=== Begin Enclosure ===

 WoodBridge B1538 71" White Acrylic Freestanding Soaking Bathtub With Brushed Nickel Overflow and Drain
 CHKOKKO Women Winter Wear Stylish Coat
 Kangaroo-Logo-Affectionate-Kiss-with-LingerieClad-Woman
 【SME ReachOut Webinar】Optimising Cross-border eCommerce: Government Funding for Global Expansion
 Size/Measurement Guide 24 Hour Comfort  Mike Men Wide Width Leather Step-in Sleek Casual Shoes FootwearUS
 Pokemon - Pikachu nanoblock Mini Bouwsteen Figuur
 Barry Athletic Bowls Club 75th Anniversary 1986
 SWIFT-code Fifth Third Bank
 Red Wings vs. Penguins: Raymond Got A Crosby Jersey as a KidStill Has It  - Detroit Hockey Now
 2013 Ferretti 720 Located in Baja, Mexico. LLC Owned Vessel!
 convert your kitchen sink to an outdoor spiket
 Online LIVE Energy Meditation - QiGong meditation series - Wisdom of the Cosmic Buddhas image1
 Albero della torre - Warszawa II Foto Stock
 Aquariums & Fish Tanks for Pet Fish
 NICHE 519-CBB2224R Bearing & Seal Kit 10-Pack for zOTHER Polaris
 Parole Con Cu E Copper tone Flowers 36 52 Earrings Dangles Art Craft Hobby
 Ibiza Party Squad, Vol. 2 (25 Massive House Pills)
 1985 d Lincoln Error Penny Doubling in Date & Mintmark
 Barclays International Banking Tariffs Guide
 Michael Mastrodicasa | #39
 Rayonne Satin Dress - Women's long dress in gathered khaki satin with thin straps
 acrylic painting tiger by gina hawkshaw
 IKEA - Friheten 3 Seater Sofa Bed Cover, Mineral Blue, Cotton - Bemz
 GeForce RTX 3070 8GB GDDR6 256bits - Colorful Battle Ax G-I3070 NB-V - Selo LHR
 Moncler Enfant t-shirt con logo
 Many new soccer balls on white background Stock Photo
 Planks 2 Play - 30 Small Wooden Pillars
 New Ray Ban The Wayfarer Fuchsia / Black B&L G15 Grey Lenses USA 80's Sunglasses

=== End Enclosure ===

- Task details -
From the data above, how many lines contain the word "Stock"? Give the number alone.

- Exercise output -
2